Затем последовал обстоятельный рассказ об утаенных подземных кабелях, о не восстановленной до сих пор системе водоснабжения и электросети. При отступлении увезены все планы, вся документация. Восстановить это не так-то легко.
— Двойное дно, — заметил один из инженеров. — Под ногами у нас двойное дно. Того и гляди, земля разверзнется или трещинами пойдет. — Он засмеялся.
— Действовать надо фундаментально, — сказал Александру второй инженер. — Представляете: обстукать, обшарить, а может, и перекопать такой большой район! Почему, кстати, вы думаете, что эта бывшая тайная стоянка — на острове, на одном из девяти островов? С не меньшим успехом она может находиться и на материковом берегу. Только подходы с суши к ней затруднены. Они доступны лишь со стороны моря — аквалангисту.
И с этим тоже нельзя было не согласиться.
На Шубина задержка подействовала бы самым худшим образом. Он рассорился бы с инженерами, поскакал жаловаться в Ленинград, в Москву, бесился бы, убеждал, торопил.
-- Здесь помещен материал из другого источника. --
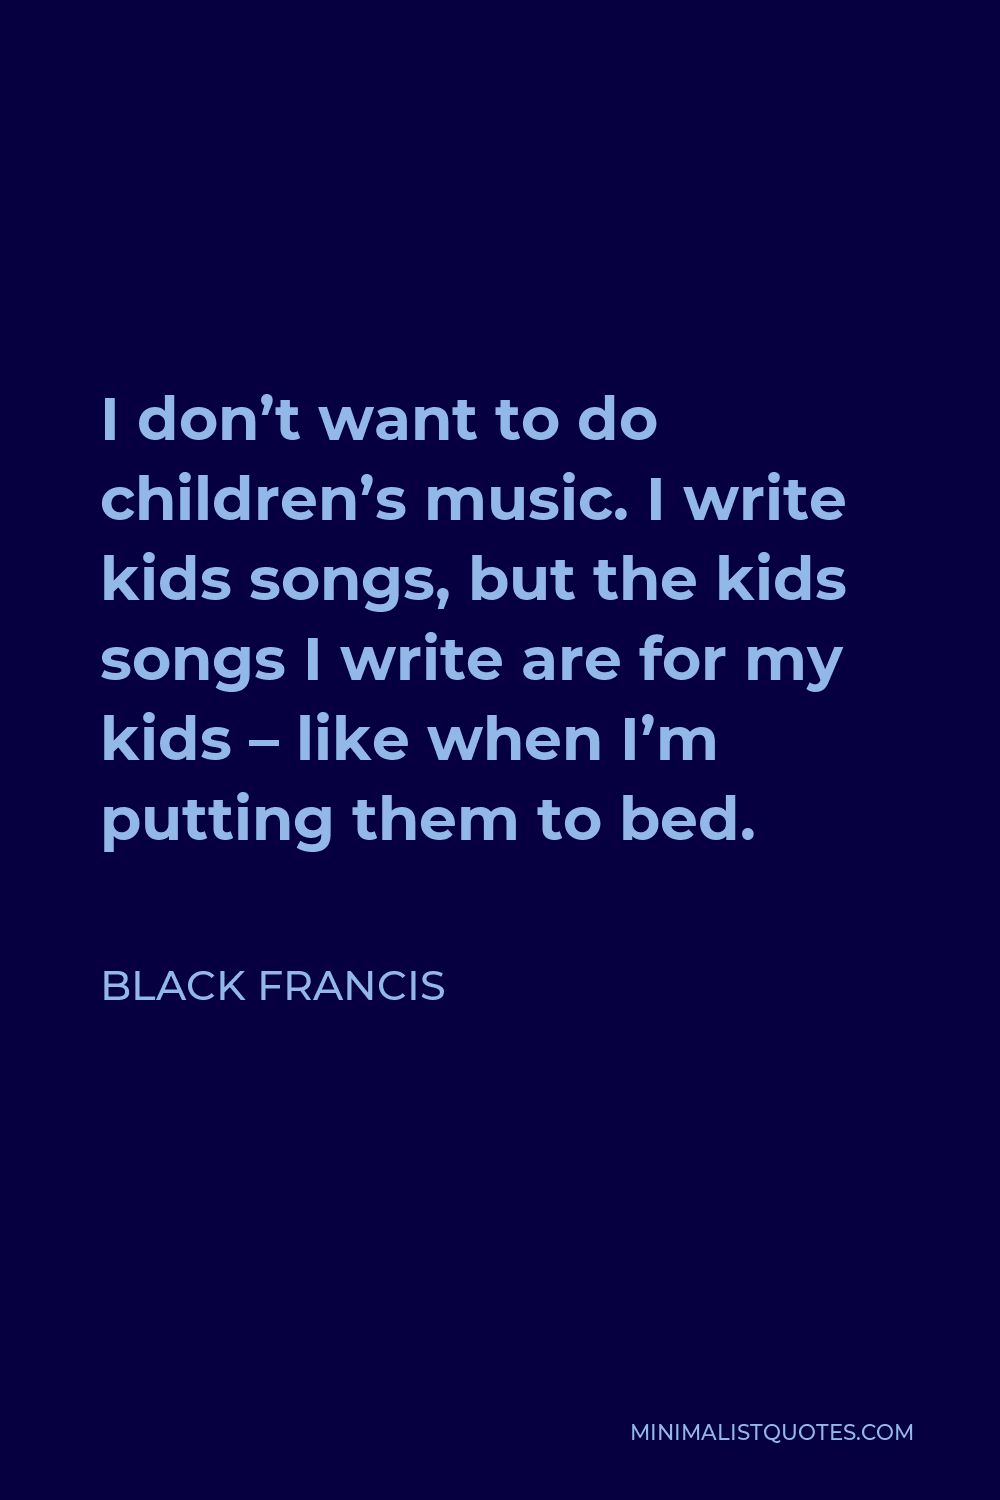 Black Francis Quote - I don’t want to do children’s music. I write kids songs, but the kids songs I write are for my kids – like when I’m putting them to bed.

Но Александр обладал бóльшим запасом терпения.
Врагам дали по носу (может быть, даже не один раз, а три, если «заблудившиеся» сейнер и яхта шли по тому же заданию, что и прыгун-аквалангист). После этого было бы естественным притаиться, выждать. А там не за горами и зима. Не полезет же аквалангист под лед?
Зато будущим летом к Винете, вероятно, снова двинется вереница нарушителей в масках и с баллонами за спиной.
Александр представил себе, как лихорадочно торопливо шарят под водой пальцы нарушителя. Омерзительно и страшно прикосновение этих скользких пальцев. Но он, Александр, крепко хватает их! И над тесно сплетенными руками поднимается лицо в зеленой воде — неподвижный стеклянный круг…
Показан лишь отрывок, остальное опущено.